What could be nicer than a family gathering in rural Buckinghamshire for the Sunday repast?
Escamillo Escapillo and Lavender suggested a few possible dates to us. We chose this one because Escamillo’s aunt and uncle, Sue and Alan, were going to be staying with them. We’d met Sue and Alan at the wedding and got on well with them, so this seemed like a great opportunity for a gathering.
The youngsters chose The Plough at Cadsden – just a few miles up the road from their place. Neither Daisy nor I had heard of it, but according to its web site it is “probably the most famous Pub in England” and “[t]he Pub of Choice of Prime Ministers for many decades”.
Indeed, Escamillo took great pride in reporting that The Plough was the very pub in which David Cameron, famously, accidentally abandoned one of his children, a few days after Escamillo and Lavender’s wedding. Daisy and I made a mental note of how many people were in our party and therefore how many people we would needed to count as we left, to ensure that we were still complete.

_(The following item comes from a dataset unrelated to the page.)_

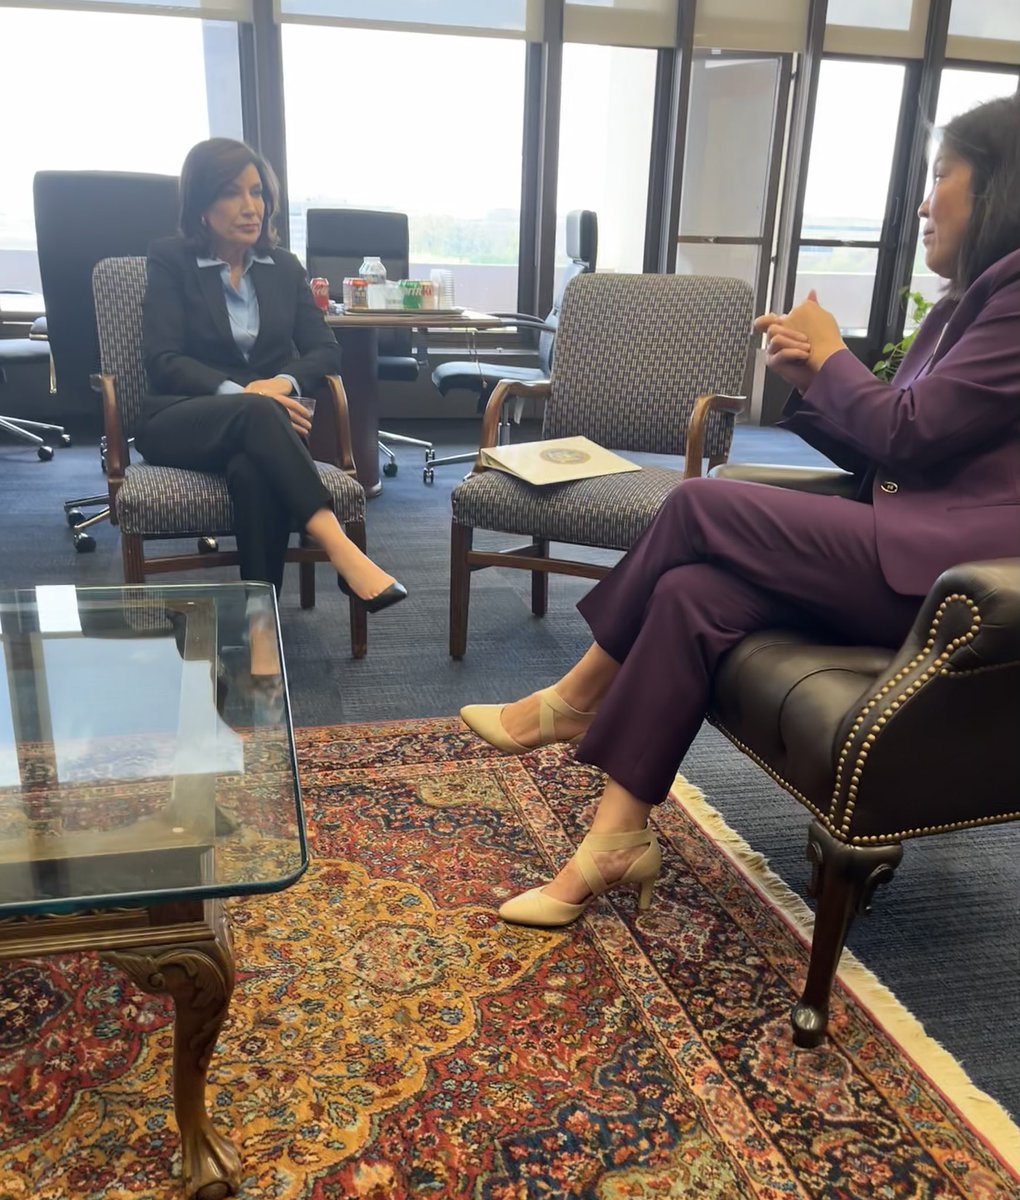 Productive meeting with @ActSecJulieSu in Washington, D.C. on ways to make unemployment insurance stronger for workers and businesses in New York, as well as ways to put asylum seekers and migrants to work.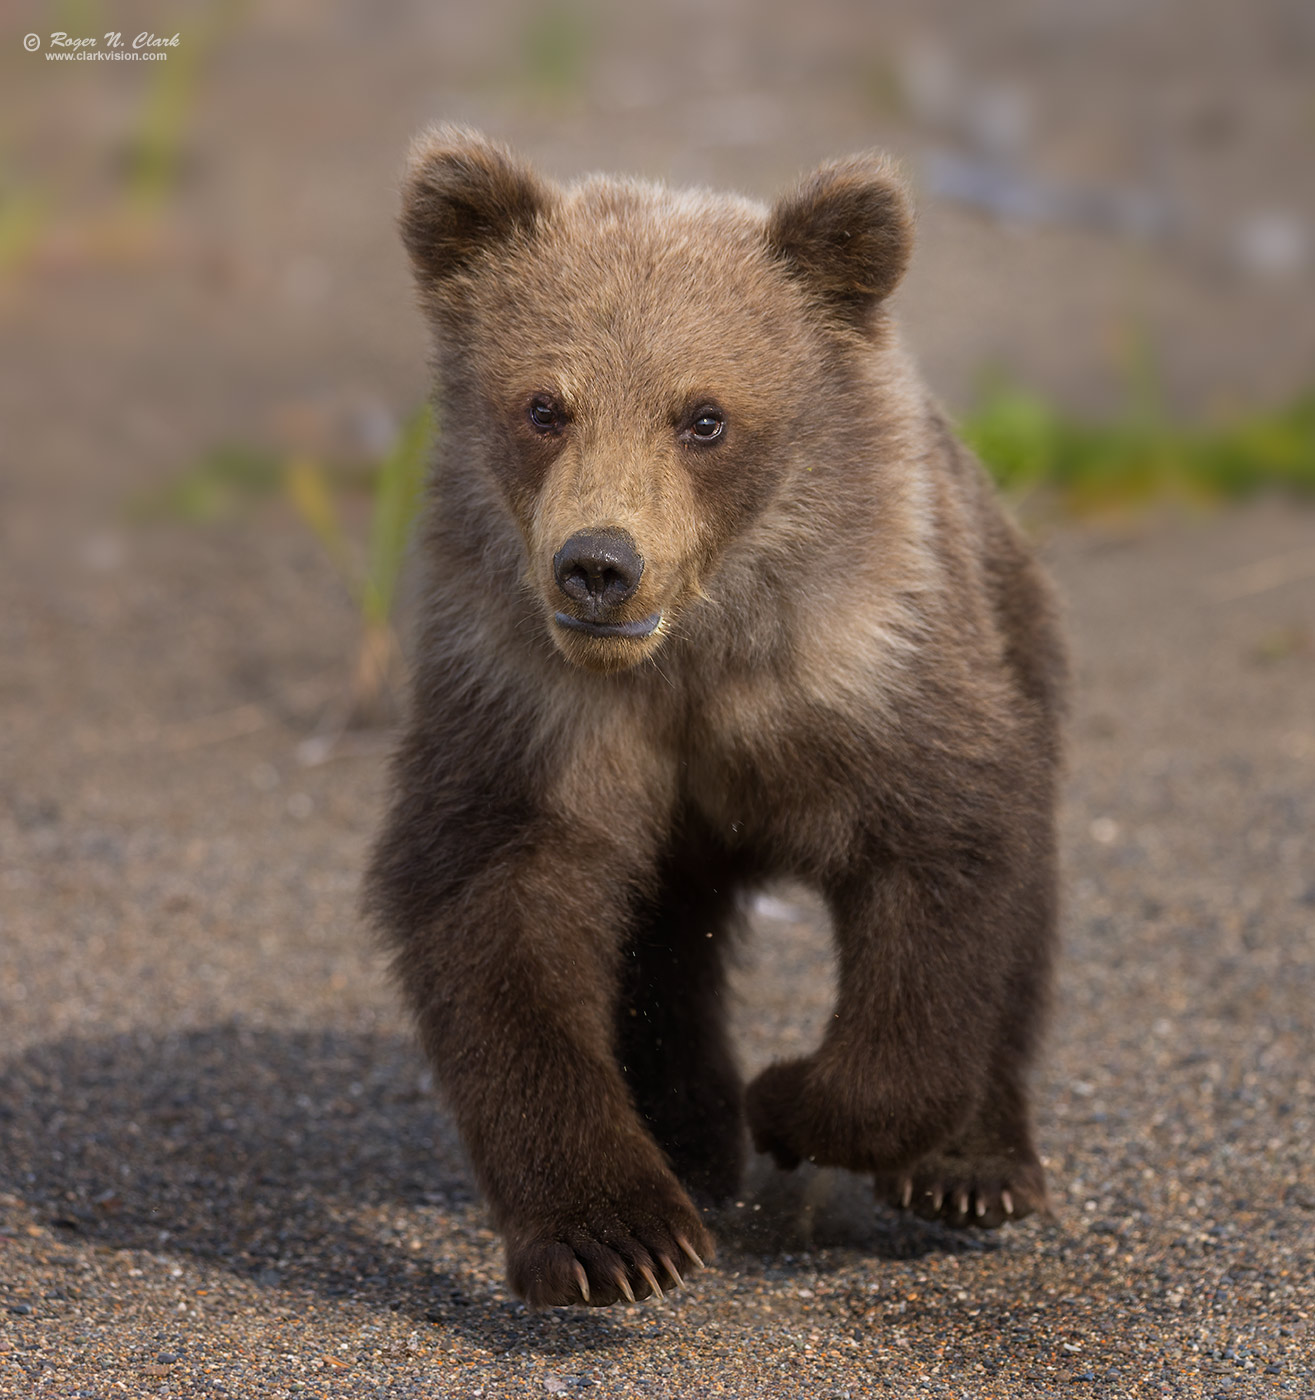 image bear-cub-ruuning-towards-me-c08-20-2023-1C-4C3A9590.e-1400s.jpg is Copyrighted by Roger N. Clark, www.clarkvision.com

We had a short debate on what to call the meal in question; lunch or dinner. With three Lancastrians and three southerners at the table, that match was always going to end as a draw. Given the portion sizes in The Plough. it was basically going to be a one proper meal day for all of us, whatever we called it.
We all decided to have a main and a desert, on the advice of Escamillo and Lavender who warned us about the portion sizes and suggested that the desserts were especially sproggy and good; they were right. The main course specials of the day revolved around roasts (surprise surprise on a Sunday). Daisy plumped for lamb while I plumped for pork. The others went for beef (mostly) or chicken. I went for the death by chocolate brownie and ice cream dessert which was very yummy and was the majority choice. Daisy went for apple pie and custard, which she said was also very good.
At one point Patrick Moore came into the conversation. I mentioned that I had interviewed him in my youth and that I did not remember him being all that impressive. Daisy told me off afterwards for the unnecessarily churlish-sounding comment. In fact, a few days later, I dredged my memory, diary and recording from that 1981 interview, Ogblogging my Patrick Moore experience, including the recording of the interview and including a recantation of my “not all that impressive” opinion – click here.
We talked a lot about cricket over lunch; Alan and Sue are very keen on it. Their reminiscences about the Lancashire leagues of old and their thoughts about the London Cricket Trust project, with which I’m now involved, were very interesting and insightful. We also all talked about county championship and test match cricket rather a lot.
Here is a photograph of all of us at table after the meal, with thanks to the nice waitress.
I am delighted to report that, on leaving The Plough, we took numerical stock and all six of us were still together. No-one got abandoned in The Plough or even in the grounds outside it when we all drove off. This I think proves beyond doubt that we could run the country better than David Cameron and his bunch of cronies.
Anyway, we’d had a really enjoyable meal and get together. I hope we get a chance to get together again soon.